Differentiating factor


FirstCry aside, the sector does not have many well-funded players. Hopscotch, which has raised close to $30 million, is among the few of note. But the e-tailer last made fundraising headlines more than 18 months ago, when it was believed to be in advanced stages of raising a $20 million round. It’s not clear whether that investment has materialised.

Meanwhile, some players like Hushbabies and Unamia have shut down.

Some of the other funded players in the broader babycare space include parenting content apps such as Tinystep (around $4 million), Parentcircle ($2.5 million), and BabyChakra ($2.5 million), along with private label fashion brand The Moms Co ($1.17mn).


Apurva Damani, director at VC firm and BabyChakra backer Artha Ventures, said that there is no dearth of entrepreneurs in this space and it all boils down to how players differentiate themselves and the readiness of investors to back such ventures.

“The endgame of deep-pocketed investors is to create a separate division altogether by investing in companies like FirstCry,” she said. “The requirement is there for somebody to create an appetite not just for products but to build back end supply chain and distribution network and have the deep pockets to invest in this kind of long term play.”

Singh of Fireside said that the increasing nuclearisation and the decreasing number of kids per family has led to lot of expenditure on kids across categories.

Potential threat from horizontal players?

Vertical e-commerce players like FirstCry and others might have to contend with competition from the likes of Flipkart and Amazon, which are increasingly looking to become a one-stop shop for various categories.

In fact, both e-commerce giants already have fairly evolved babycare segments.

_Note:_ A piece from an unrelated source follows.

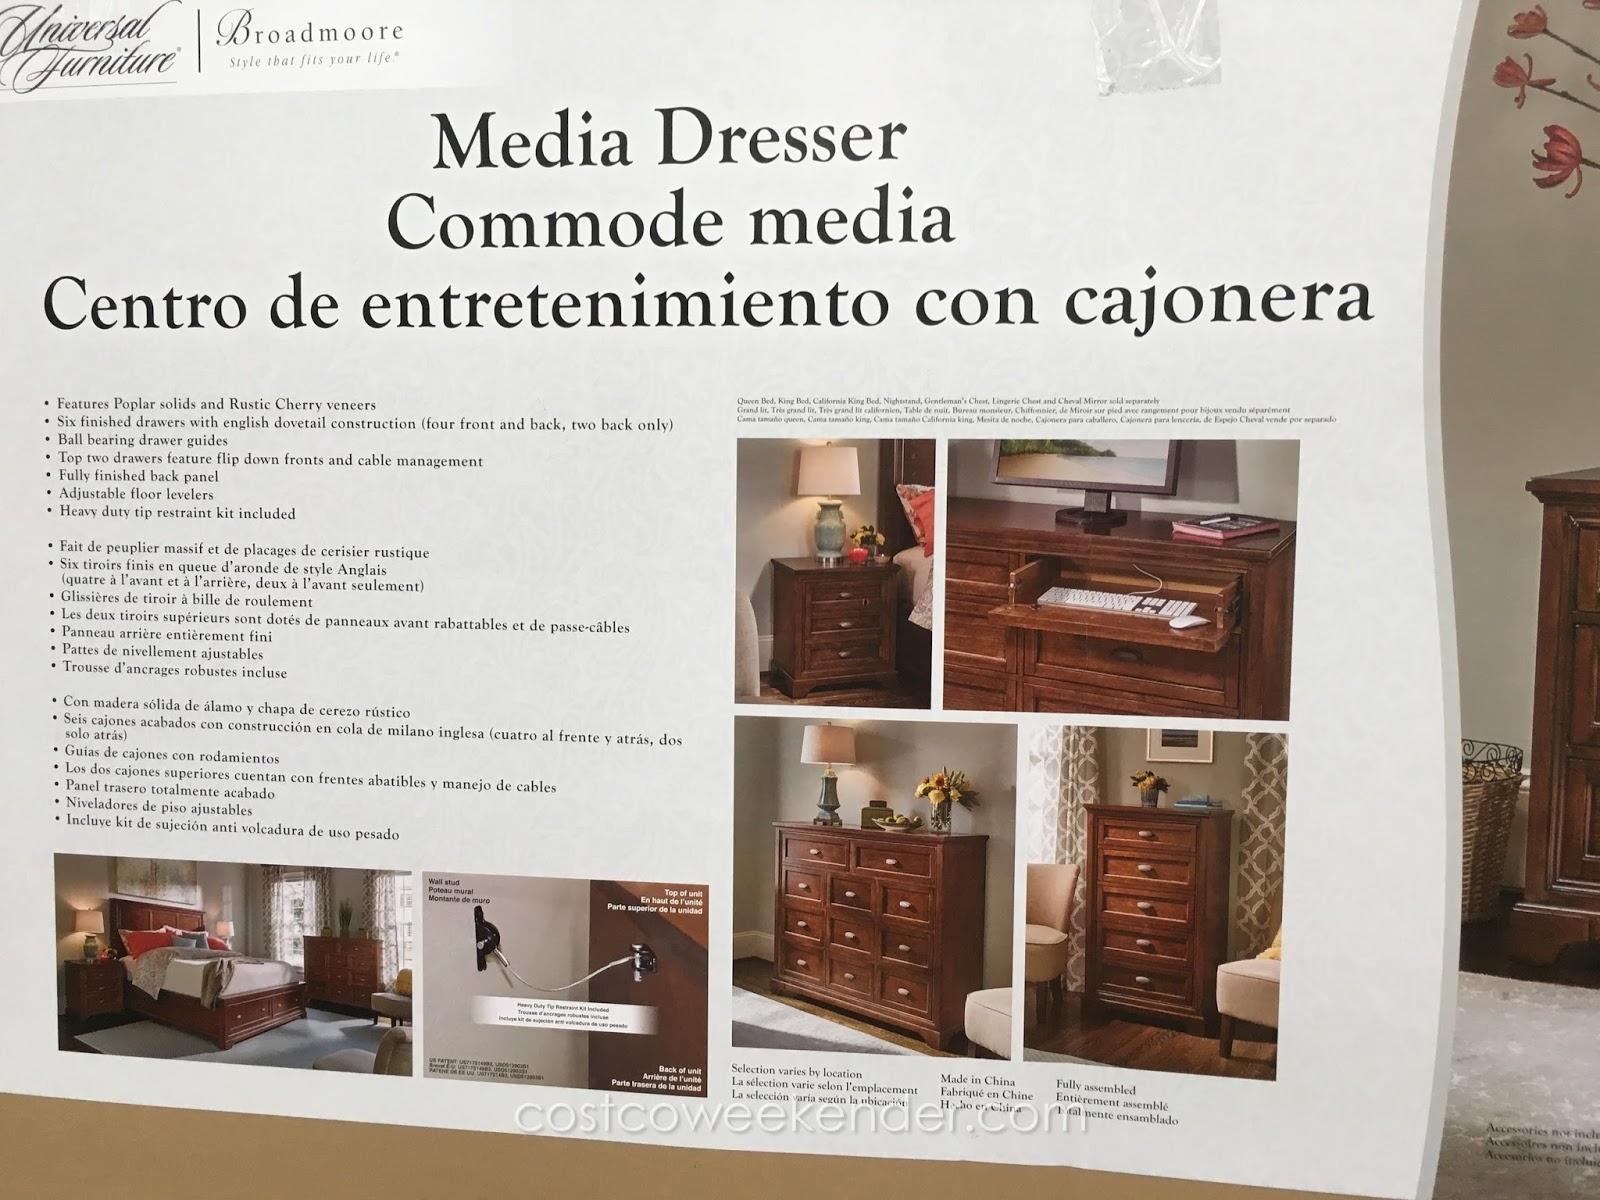 Media Dresser Costco BestDressers 2017

But can this pose a threat to the vertical incumbents?

Initially most startups that entered this segment sold exclusively online, but over time, some of them have built an omnichannel distribution network that caters to larger customer segments.

Industry experts feel that strong brands that deliver superior customer experience will improve unit economics with scale and a higher mix of private label brands.

“While there will be some competition from horizontal e-commerce businesses, I think strong deep domain focused vertical e-commerce companies have the opportunity to build competitive advantage through strong brand recognition, superior supply chain and integrated platforms,” said InnoVen’s Sharma.

While the increasing consumer-comfort of shopping online has definitely helped drive growth of some organised players, industry analysts feel that larger organised players, particularly those with strong brands and integrated platforms, will continue to gain market share.

Besides, an understanding of product creation and the supply chain required for this space will set the vertical players apart from the horizontal players.

“I don’t see Amazon and Flipkart venturing into mini sub-segments and creating specific products for babies especially as it is not their forte,” said Artha’s Damani. “Their core business is something else. They might acquire companies in particular segment in order to expand but they would not create a vertical altogether.”